Considerações sobre a Sagrada Face

Algumas representações de Nosso Senhor existentes nas catacumbas não se parecem com Ele. Aos poucos, a piedade católica compôs a Face do Redentor e, quando encontraram o Santo Sudário,  conferiu impressionantemente. Na Sagrada Face, conforme se analise, estão insinuadas todas as formas possíveis de beleza da cruz.

 

Analisando a face humana, notamos que ela se compõe de duas linhas. Uma vertical e outra horizontal. Uma linha parte da fronte e desce à base do  queixo, de maneira que toda a horizontalidade das sobrancelhas, dos lábios e do queixo é percorrida sutilmente por uma verticalidade.

A face humana tem aspecto de cruz

Essa ideia de horizontalidade é acentuada pelas orelhas que têm no aspecto do homem uma importância que ninguém imagina! Mas é só um indivíduo não ter uma orelha que todo mundo nota.  Se não tiver as duas orelhas, brame! Nenhum de nós olhou hoje para as orelhas dos outros, mas é só aparecer um sem orelha que se nota imediatamente, porque completa a fisionomia de modo  imponderável, interessante, inesperado.

Trata se de saber qual é a altura ideal que na face humana deve ter a linha horizontal para completar a perpendicular, e dar esse aspecto de cruz que a face humana tem.

Poderíamos imaginar cruzes bonitas com a trave horizontal a diversas alturas. E esse mesmo princípio é enunciado de modo interessante pelo rosto humano, criando várias alturas do travamento  da cruz. Podemos imaginar uma cruz bonita com o braço em cima, quase em forma de “T”; ou mais próximo do meio, contanto que não passe de certo ponto, pois deixaria de ser uma cruz na posição normal e passaria a ser cruz de São Pedro.

Depende de certa proporção entre o tamanho e a largura para indicar onde deve ficar a altura. A harmonia do rosto humano tem muita relação com isso. Esses indivíduos que interpretam os  traços do rosto humano, etc., pensam que a harmonia consiste só em tomar esculturalmente cada traço e ver se é bonito. Mas isso dá a beleza, não o charme. O charme é dado, no fundo, por essa  proporção. E sempre que se encontra um rosto com certa expressão ou certo charme, deve-se procurar isso, porque no fundo encontra. É até um exercício interessante procurar o charme dentro  da fisionomia.

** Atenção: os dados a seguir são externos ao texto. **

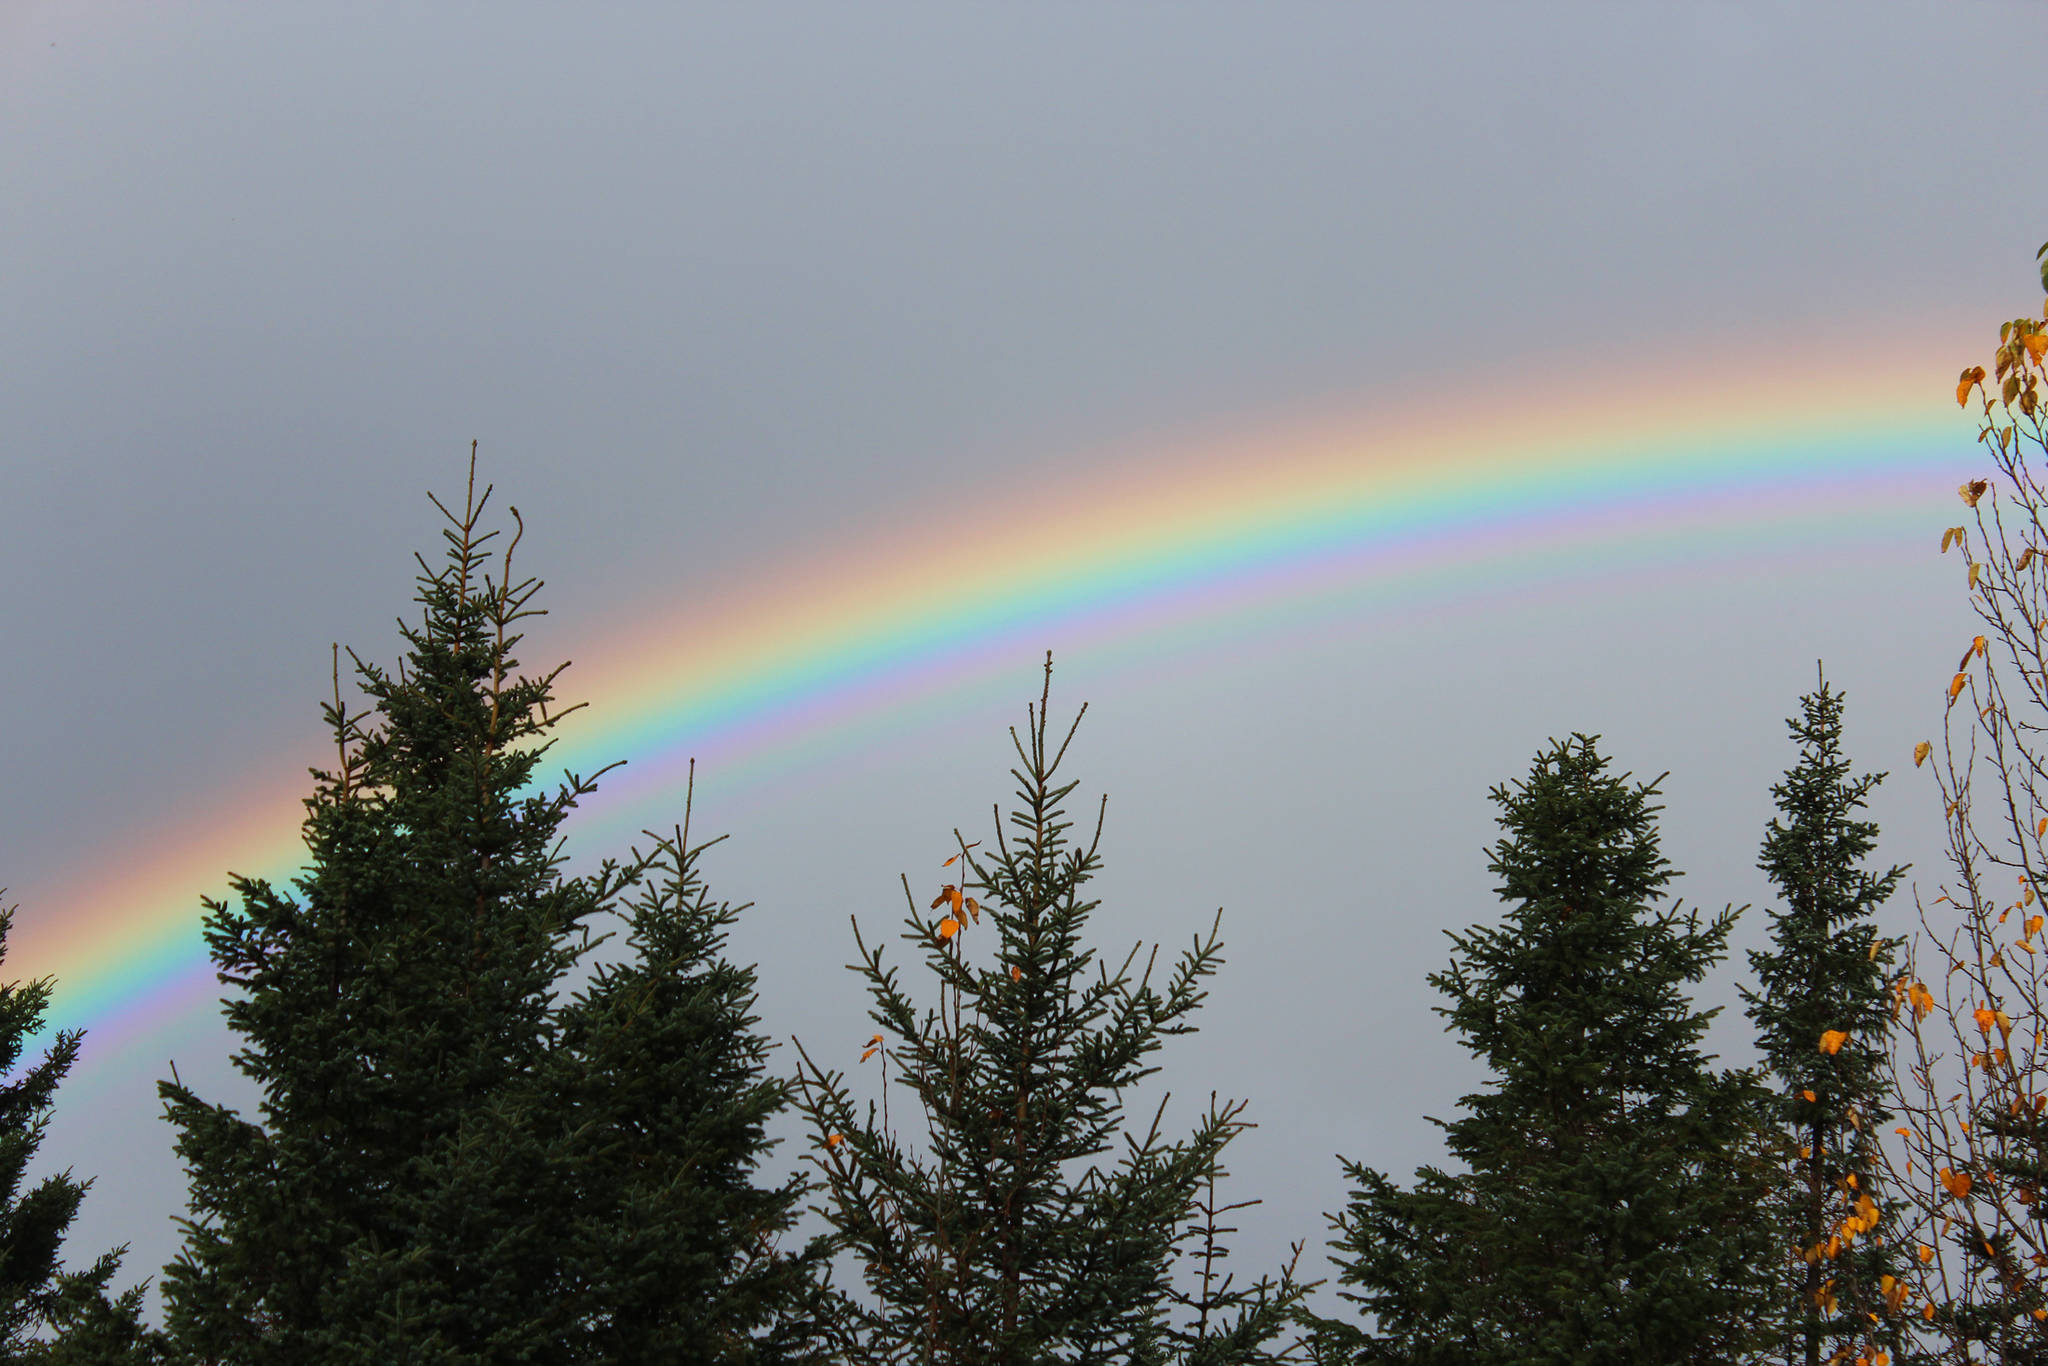 A rainbow peaks out from between the trees near the Homer News office on Tuesday, Oct. 16, 2018 in Homer, Alaska. A double rainbow was spotted in a few different places around town between periods of rain. (Photo by Megan Pacer/Homer News)

Vemos descrições de montanhas, de panoramas bonitos, e depois exclamações: “Como Deus foi sábio! Como foi bom ao criar isso! …” Eu concordo perfeitamente, mas por que não falam da face  humana que vale muito mais do que qualquer montanha? A mais arrebentada das faces humanas contém mais elementos de beleza do que uma montanha linda. O homem é o rei da Criação, o  resto é uma ralé em comparação com ele. Qualquer homem que quisesse saberia pôr em relevo algum cantinho de sua alma por onde ele tivesse mais dignidade do que o Himalaia, o qual, afinal, é  uma imensa trouxa de terra e pedras.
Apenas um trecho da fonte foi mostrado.